Iran will probably use European banks to handle some payments for its crude exports once a deal with world powers relating to the nation’s nuclear program starts, said a deputy oil minister from the Persian Gulf state.
“The arrangement is that it will be four to five banks and there certainly will be European banks too,” Ali Majedi, deputy oil minister for international and commercial affairs, said in an interview in Tehran on Dec. 18.
Europe, the U.S. and other nations agreed last month to ease measures targeting Iran’s oil exports in return for curbing its nuclear program. The country probably will use banks in Europe and Asia to handle income from crude sales and to pay countries supplying goods, Majedi said. The EU said when the agreement was reached that some financial restrictions could be relaxed for humanitarian purposes.
Iran’s oil exports, the country’s largest foreign-currency earner, plunged last year as U.S. and European Union sanctions meant that banks and insurers couldn’t handle Iranian oil sales. The ability of nations including China, Japan and India to use European banks depends on the final details of the November accord, Majedi said.
The measures being discussed would prevent oil exports from rising to more than about 1 million barrels a day, offering Iran about $7 billion in other relief, including access to $4.2 billion in oil revenue frozen in foreign banks, according to a White House statement on the Nov. 24 agreement in Geneva. The accord leaves most other banking and financial measures that hampered crude exports in place.
Iran and the six world powers it signed the accord with are still working on the details of the trade and financial restrictions that will be eased, Majedi said.
The return of greater quantities of Iranian crude if sanctions are lifted could cause an excess that would weigh on international oil prices that are trading near $111 a barrel, according to analysts at Bank of America Corp. Commerzbank AG predicted on Dec. 10 that Brent crude will weaken next year to average $106 a barrel amid an “amply supplied” global market and a “greater chance of Iran sanctions being eased.”
Iranian officials are talking with European oil companies about projects that could start once sanctions are lifted and are developing contract terms to attract investment.
Oil Minister Bijan Namdar Zanganeh met the heads of Vitol Group, Eni SpA and OMV AG, as well as officials from Royal Dutch Shell Plc, while he was in Vienna for a conference of the Organization of Petroleum Exporting Countries earlier this month. Iranian officials are planning to speak to more international companies in London in March, he said.
Iran plans to present model production contracts to international oil companies in April, Majedi said. An Iranian committee is comparing contractual terms used elsewhere in the Persian Gulf region to “get ideas of what we think is competitive and attractive,” he said.
“We are comparing them all to eventually come up with a new contract model, which will probably be a service contract, but with more benefits,” Majedi said. He didn’t provide further details.

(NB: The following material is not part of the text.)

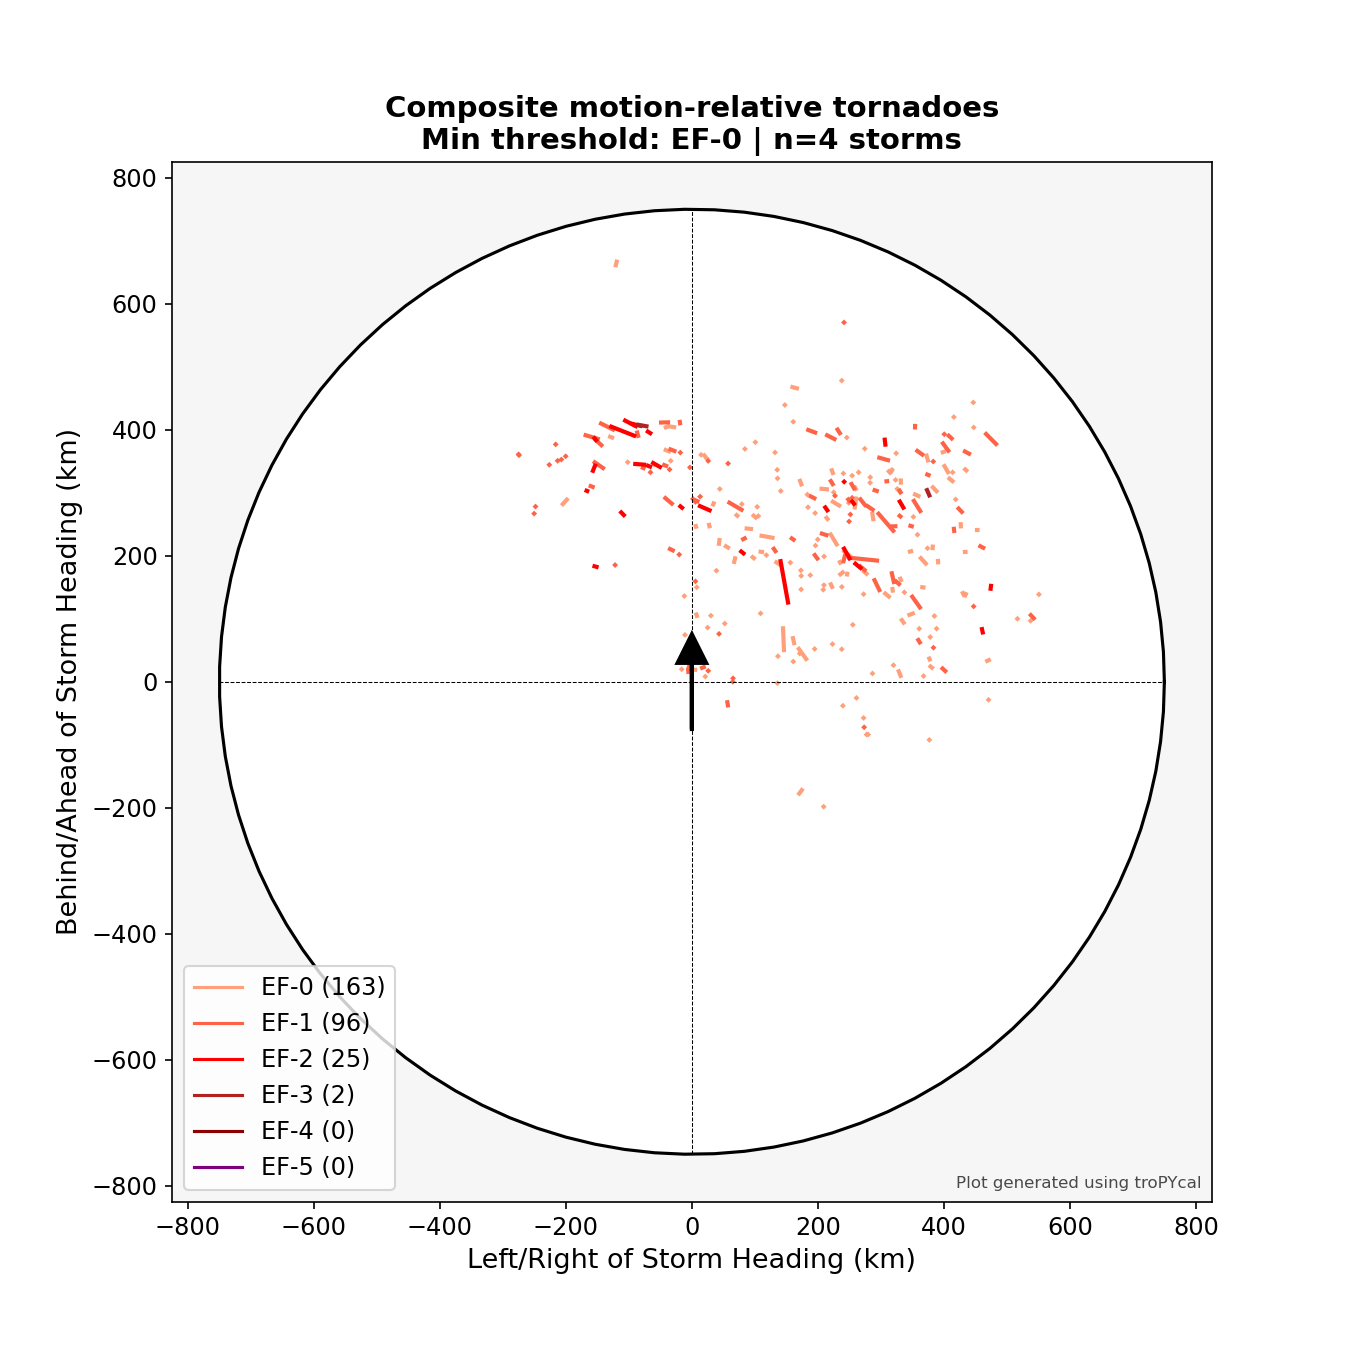 Composite motion-relative tornadoes Min threshold: EF-0 | n=4 storms

Under service contracts, companies invest to start or increase output at an oil field and are generally paid a fee for each barrel of oil they produce once they’ve repaid development costs. Zanganeh said Dec. 5 the country would consider production-sharing agreements for the Caspian Sea, which give companies a stake in the barrels pumped at a field and allow them to account for oil in the deposit as reserves.
Iran is exporting about 1 million barrels a day and may ship about 1.1 million barrels of crude a day and 300,000 barrels of condensate, a lighter grade of oil, in the Iranian year starting in March, the oil ministry said in a statement on its website Dec. 3.
The country can produce as much as 3.5 million barrels of crude a day and could reach that level within about a year of sanctions being lifted, Majedi said. Iran would seek to pump about 4 million barrels, possibly with the help of international companies, he said.